The post is always a prayer that God guides this worship service. It’s a reminder for me that this isn’t about how great I preach or how good the music is, it is about how God will work in this moment in time. It reminds me that this is not up to me as much as it is up to God.
What I’ve noticed in the months that I’ve done this practice is how it has changed me. I’m not so worried about how the church service will turn out or even who will show up. I’ve learned to leave this to God. What happens is that I see how God works during this time of worship. I’ve actually seen more visitors show up at church. I haven’t done anything special to bring visitors to church other than make sure the webpage and social media is updated. I know it has to be the Spirit that is working in all of this. It is not about what I’ve done or what the church did in order to get the word out about us. Instead, I simply pray to God that God will work and God does.
I’ve also realized something about the photos. It shows a small circle of empty chairs which reveals something about us: we are a really small church. A small church like ours is usually a point of shame in our culture that praises bigness.

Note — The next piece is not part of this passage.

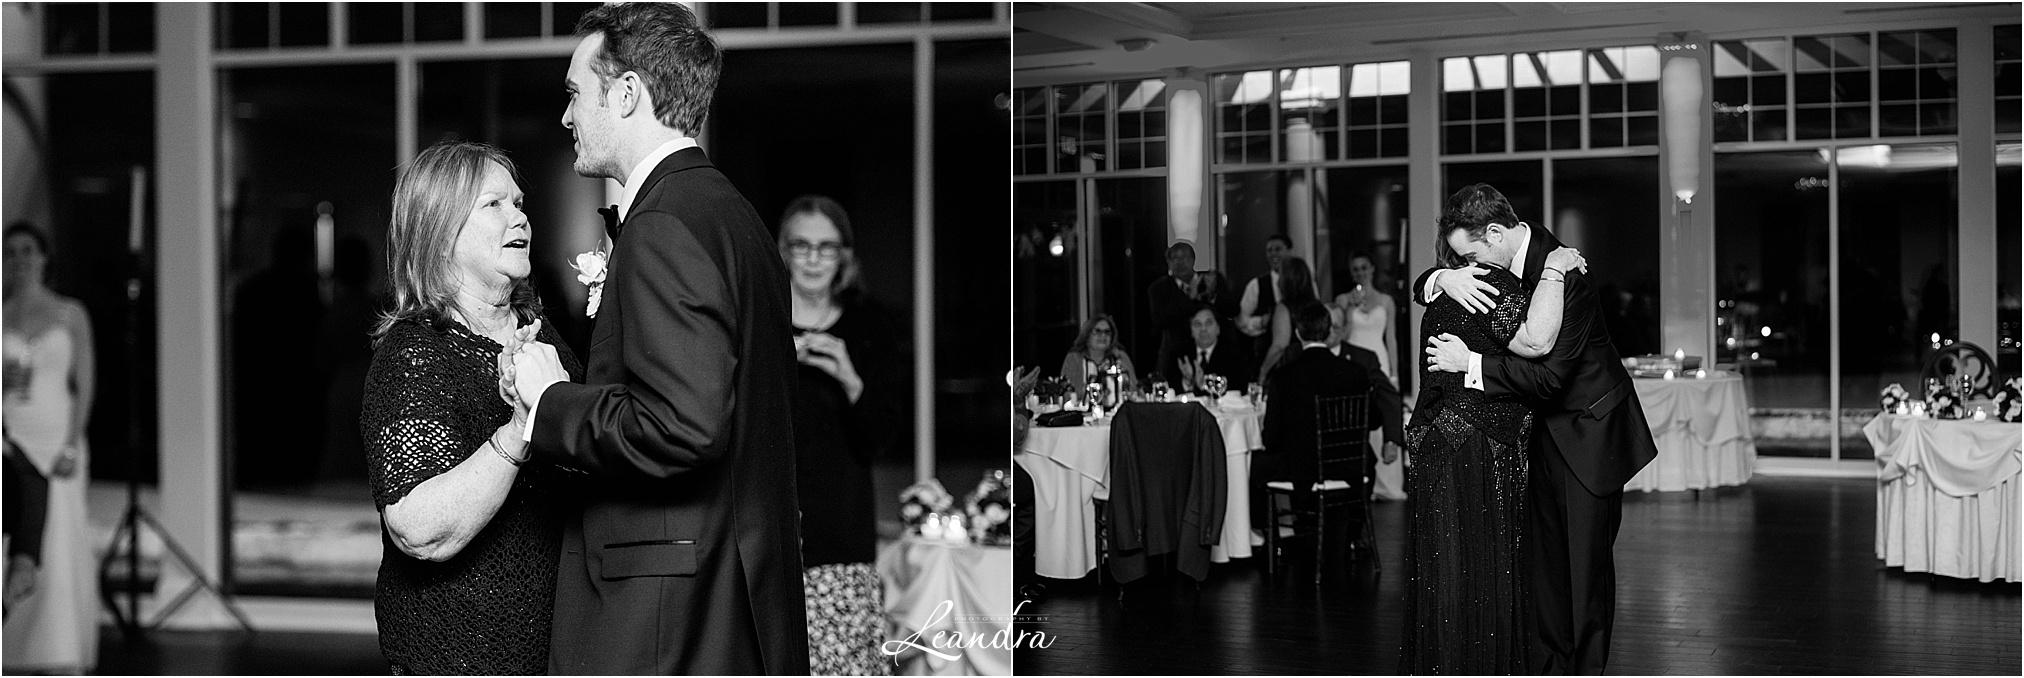 Mother son dance Stonebridge Country Club Wedding_0042.jpg

But this is who we are. Do I want to grow? Sure I do. But I’m also fine with us being small in number but still faithful to being a community of believers.
All of this might go against what I do for a living during the rest of the week. I’ve worked as a communications professional for nearly 20 years, working mostly for nonprofits and churches where I’ve created and maintained webpages, created graphics, and managed social media- all in the effort of promoting the church or non-profit. There’s nothing wrong in making sure a church has a good website or a compelling Facebook page. But having a great website isn’t what brings people to your church. I mean, it does in one sense, but for the most part, what brings people to a church is God. Our role as the church is to point to God and what God is doing in the world and not make the story about ourselves.
My picture isn’t going to bring people to church. It wasn’t meant to do that. It’s not about promotion. It’s about prayer and about leaving this up to God. I think God might be a better promoter than me.